A relevância da gestão de pessoas na economia do conhecimento, bem como os desafios que se apresentam a essa função organizacional, estão claramente ilustrados na experiência de Jack Welch (2001) em seus 20 anos como CEO da General Electric. Ao longo de seu relato autobiográfico, enfatiza o papel da gestão de pessoas como fator essencial para o alcance de resultados empresariais. O desafio de atrair, reter, desenvolver e recompensar pessoas competentes é enfrentado com ações objetivas e coordenadas, criando um sistema com coerência interna e com resultados expressivos.

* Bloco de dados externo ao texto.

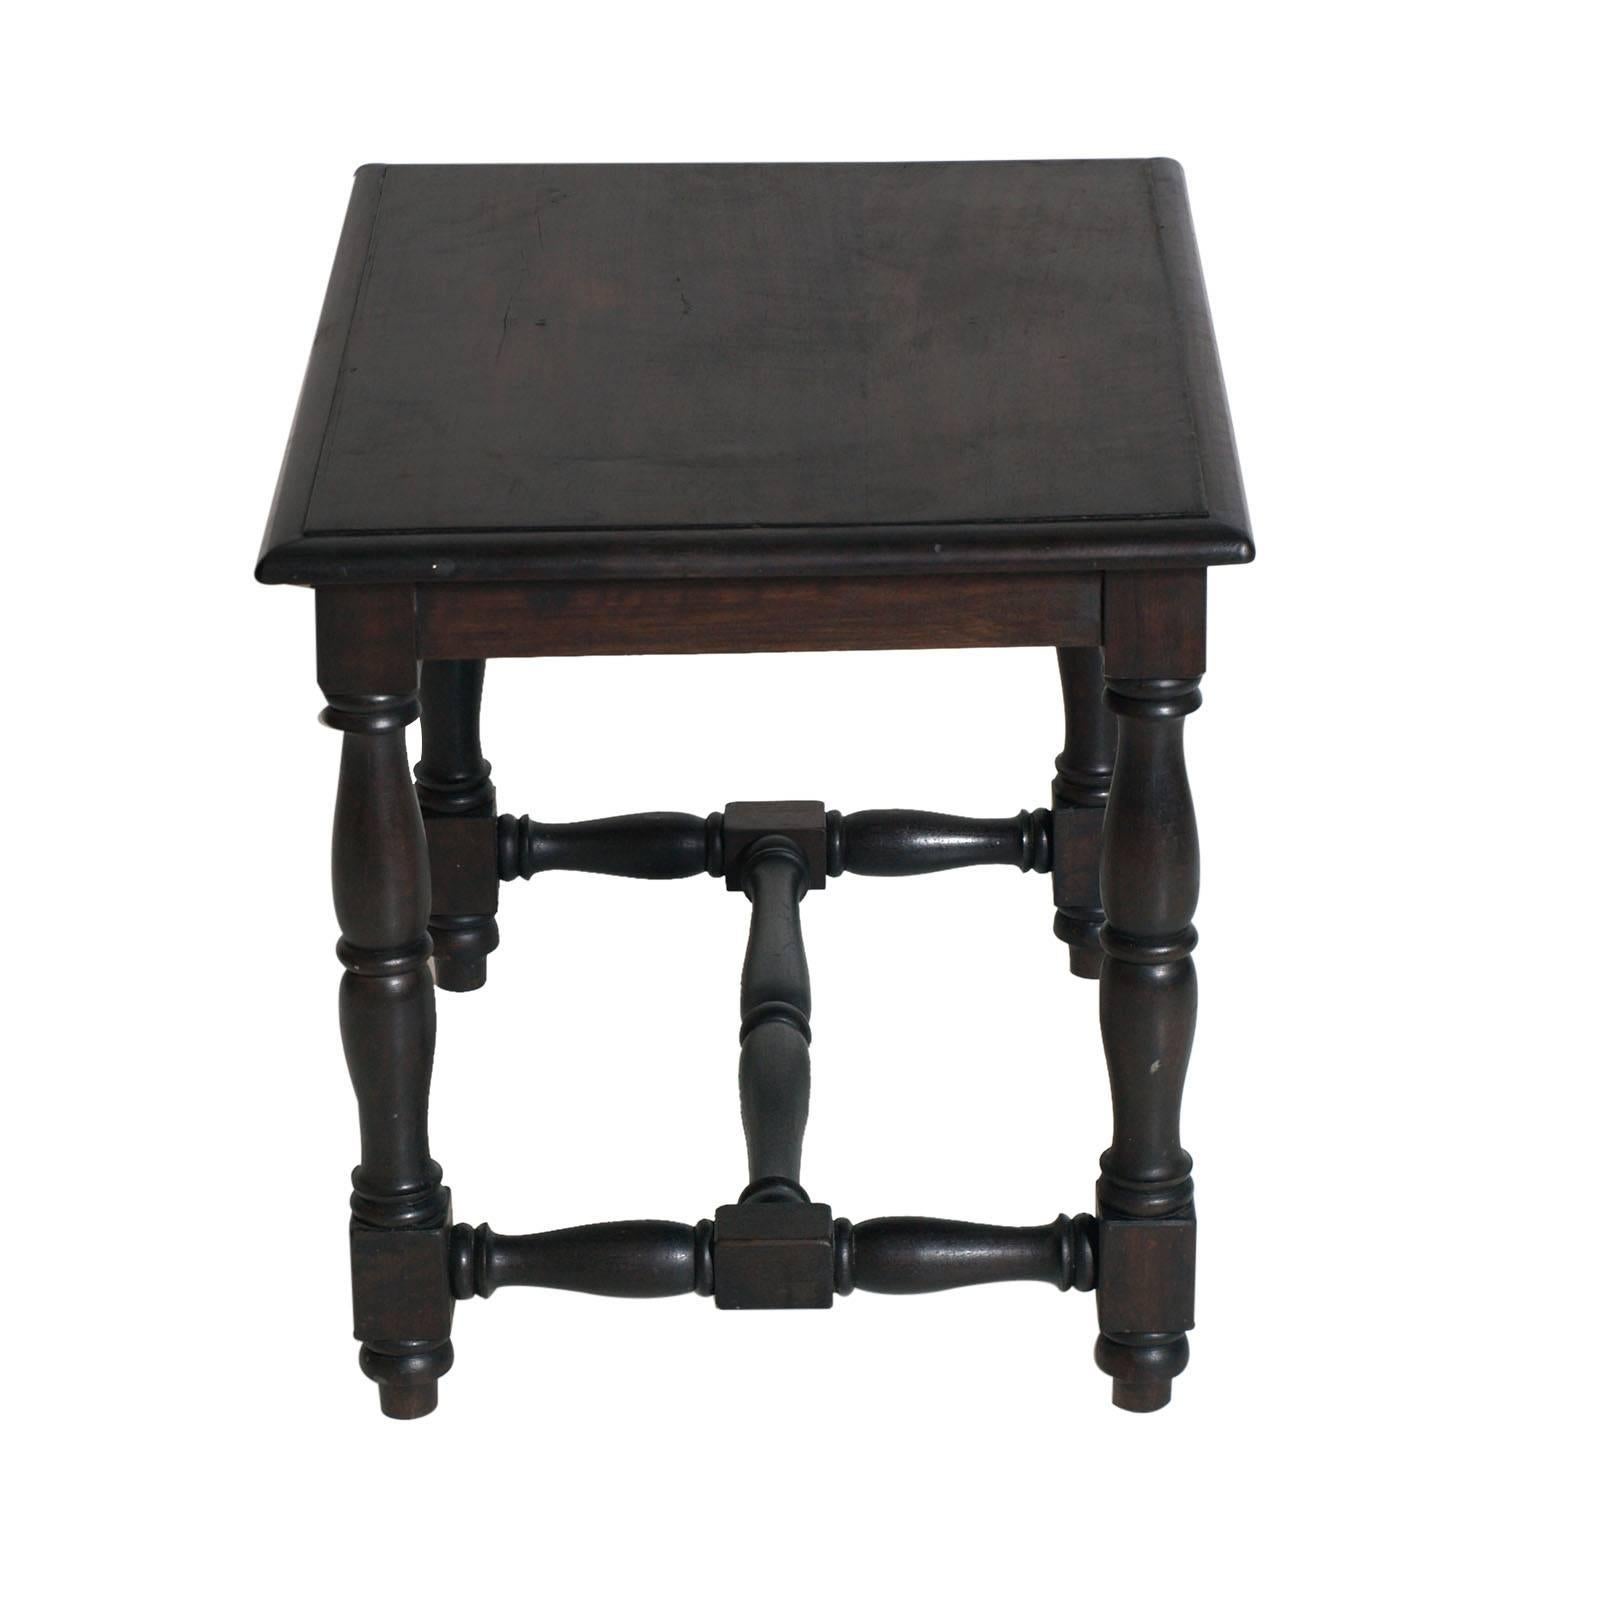 Late 19th Century Tuscan Renaissance centre side table in ebonized walnut, restored and polished to wax.

Measure cm: H 47 x W 57 x D 45.
 

As práticas administrativas da GE voltarão a ser examinadas e, principalmente, criticadas em seus aspectos conceitualmente e filosoficamente discutíveis. A escolha desse exemplo se deve à sua influência na gestão contemporânea, na qual tem sido apresentada como referência em inovação administrativa e, principalmente, em resultados. Por isso mesmo, consideramos necessária uma reflexão mais cuidadosa sobre o modelo Welch de gestão, evidenciando seus fundamentos e características menos visíveis – o que será realizado na parte 3 desse estudo.